Hi, Reference is the v1.5 branch
If an SRQ has the following settings: S,<size>,4,2,1 1) setup_qps() sets the following: mca_btl_openib_component.qp_infos[qp].u.srq_qp.rd_num=4 mca_btl_openib_component.qp_infos[qp].u.srq_qp.rd_init=rd_num/4=1 2) create_srq() sets the following: openib_btl->qps[qp].u.srq_qp.rd_curr_num = 1 (rd_init value) openib_btl->qps[qp].u.srq_qp.rd_low_local = rd_curr_num - (rd_curr_num >> 2) = rd_curr_num = 1 3) if mca_btl_openib_post_srr() is called with rd_posted=1: rd_posted > rd_low_local is false num_post=rd_curr_num-rd_posted=0 the loop is not executed wr is never initialized (remains NULL) wr->next: address not mapped ==> SIGSEGV The attached patch solves the problem by ensuring that we'll actually enter the loop and leave otherwise. Can someone have a look please: the patch solves the problem with my reproducer, but I'm not sure the fix covers all the situations.

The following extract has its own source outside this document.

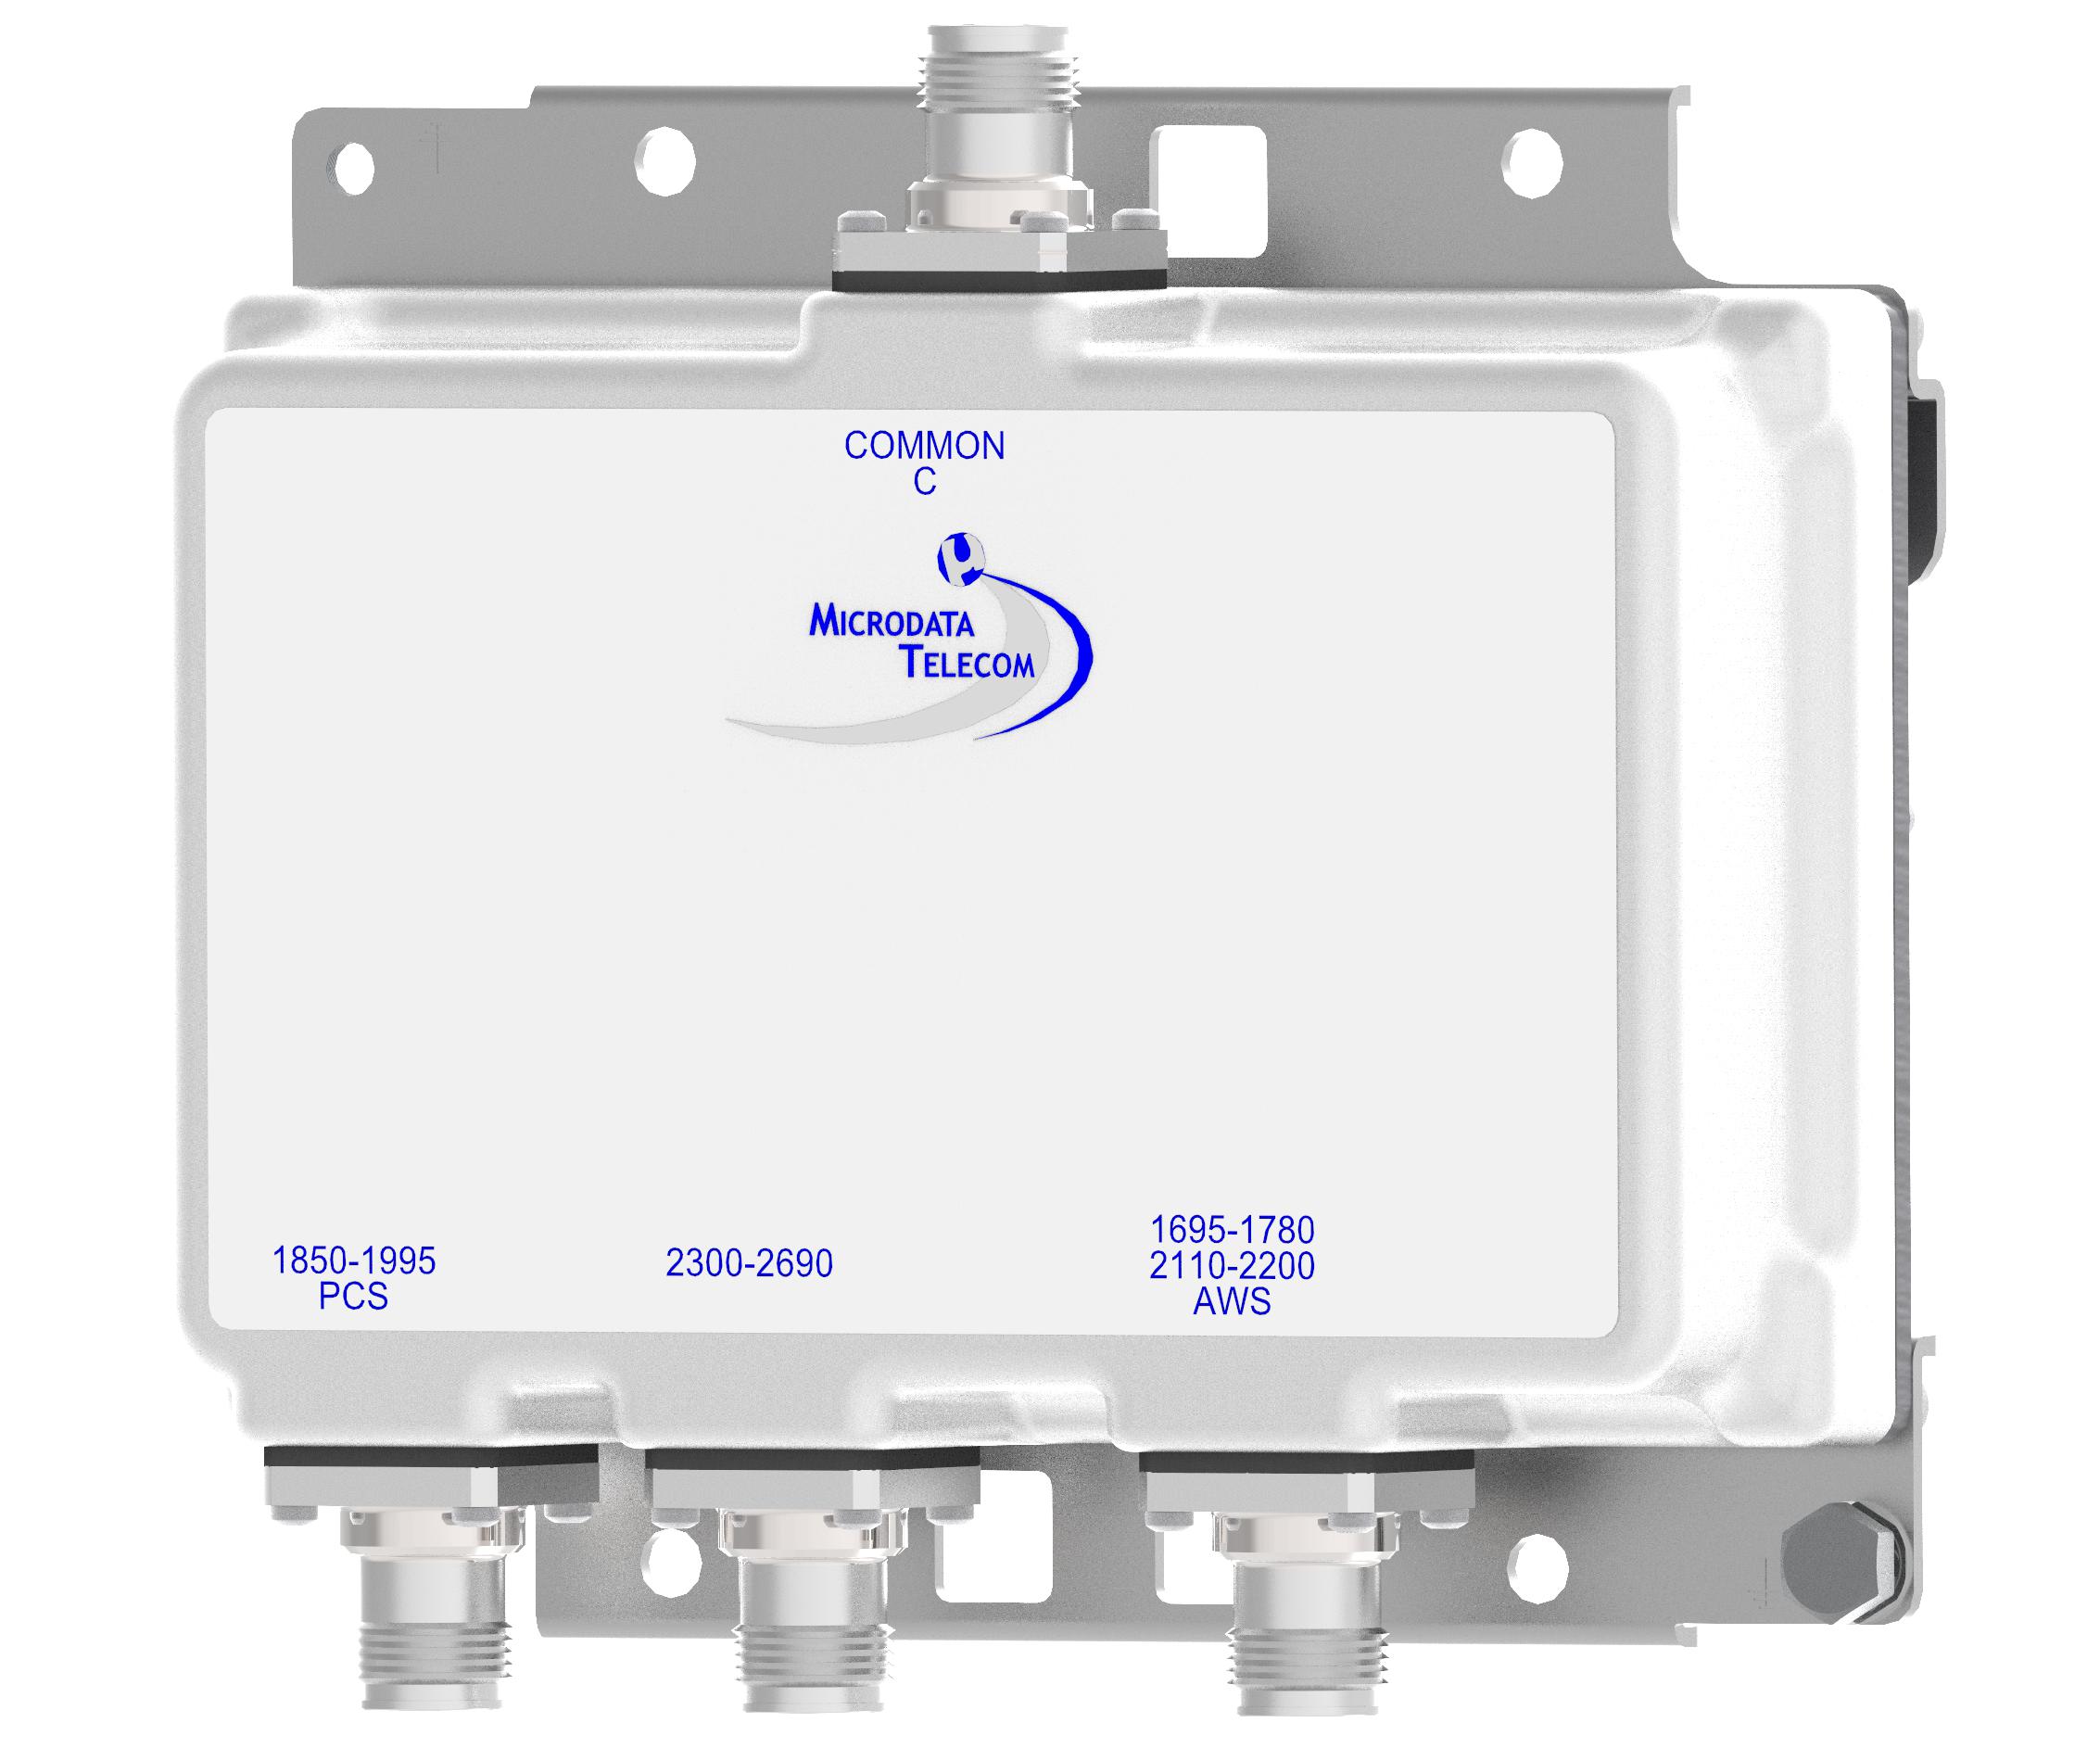 Triplexer AWS/PCS/2300-2600 MHz - Microdata Telecom
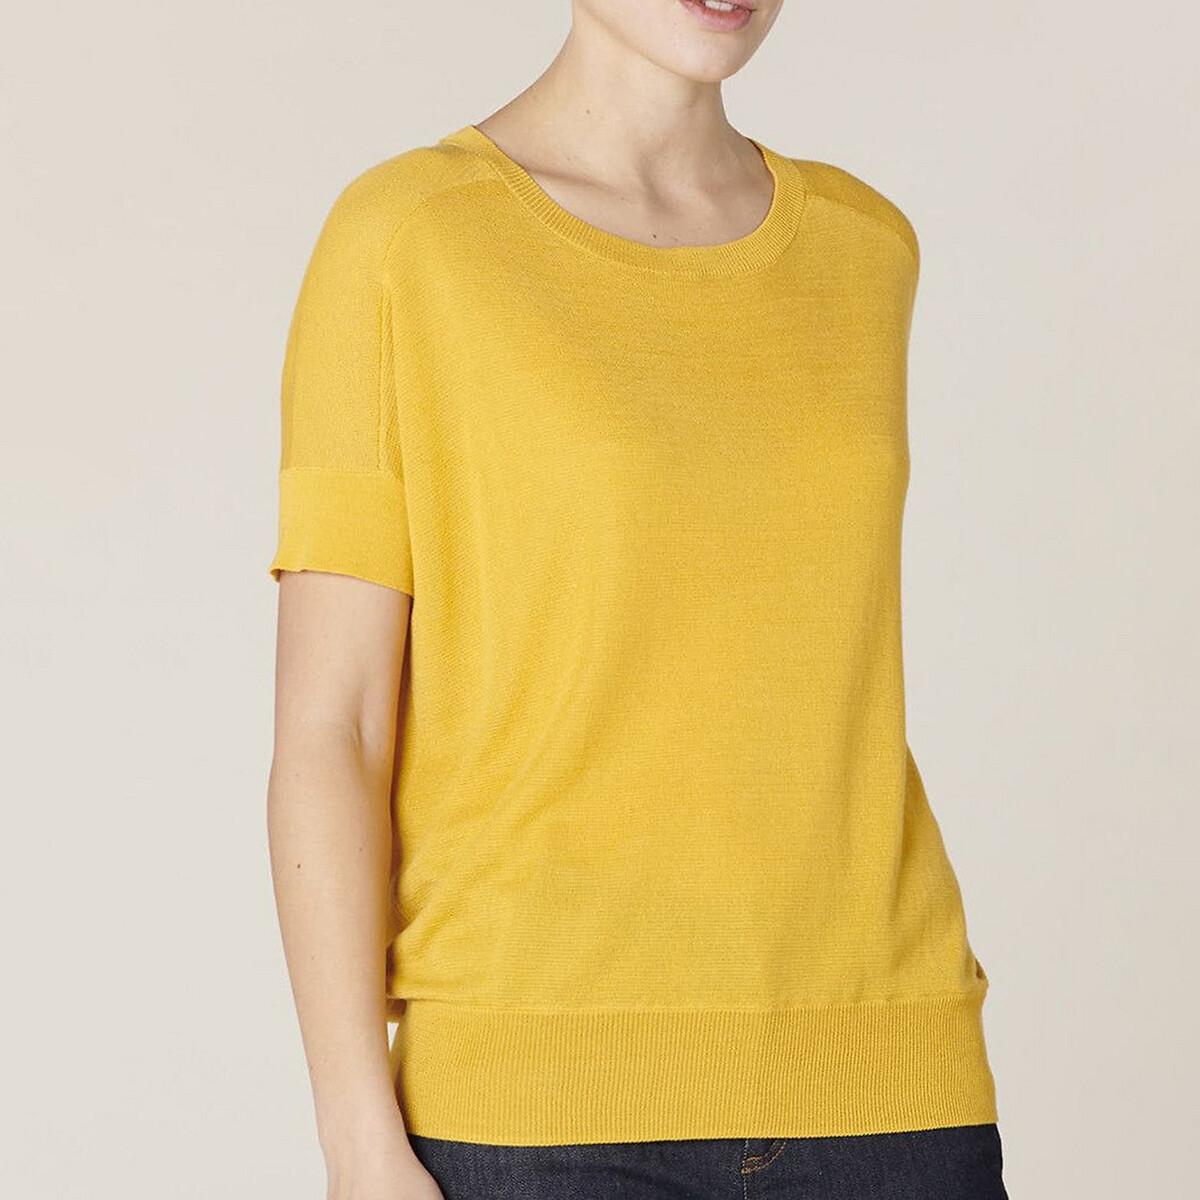 Пуловер La Redoute С круглым вырезом из тонкого трикотажа FLAURINE 2(M) желтый

Regards, Nadia
openib btl unsafe in case of extremely low srq settings diff -r eb32fad15d19 ompi/mca/btl/openib/btl_openib_component.c --- a/ompi/mca/btl/openib/btl_openib_component.c Wed Jun 09 17:39:55 2010 +0200 +++ b/ompi/mca/btl/openib/btl_openib_component.c Fri Jun 18 17:00:12 2010 +0200 @@ -3543,6 +3543,11 @@ int mca_btl_openib_post_srr(mca_btl_open } num_post = rd_curr_num - openib_btl->qps[qp].u.srq_qp.rd_posted; + if (0 == num_post) { + OPAL_THREAD_UNLOCK(&openib_btl->ib_lock); + return OMPI_SUCCESS; + } + for(i = 0; i < num_post; i++) { ompi_free_list_item_t* item; OMPI_FREE_LIST_WAIT(&openib_btl->device->qps[qp].recv_free, item, rc);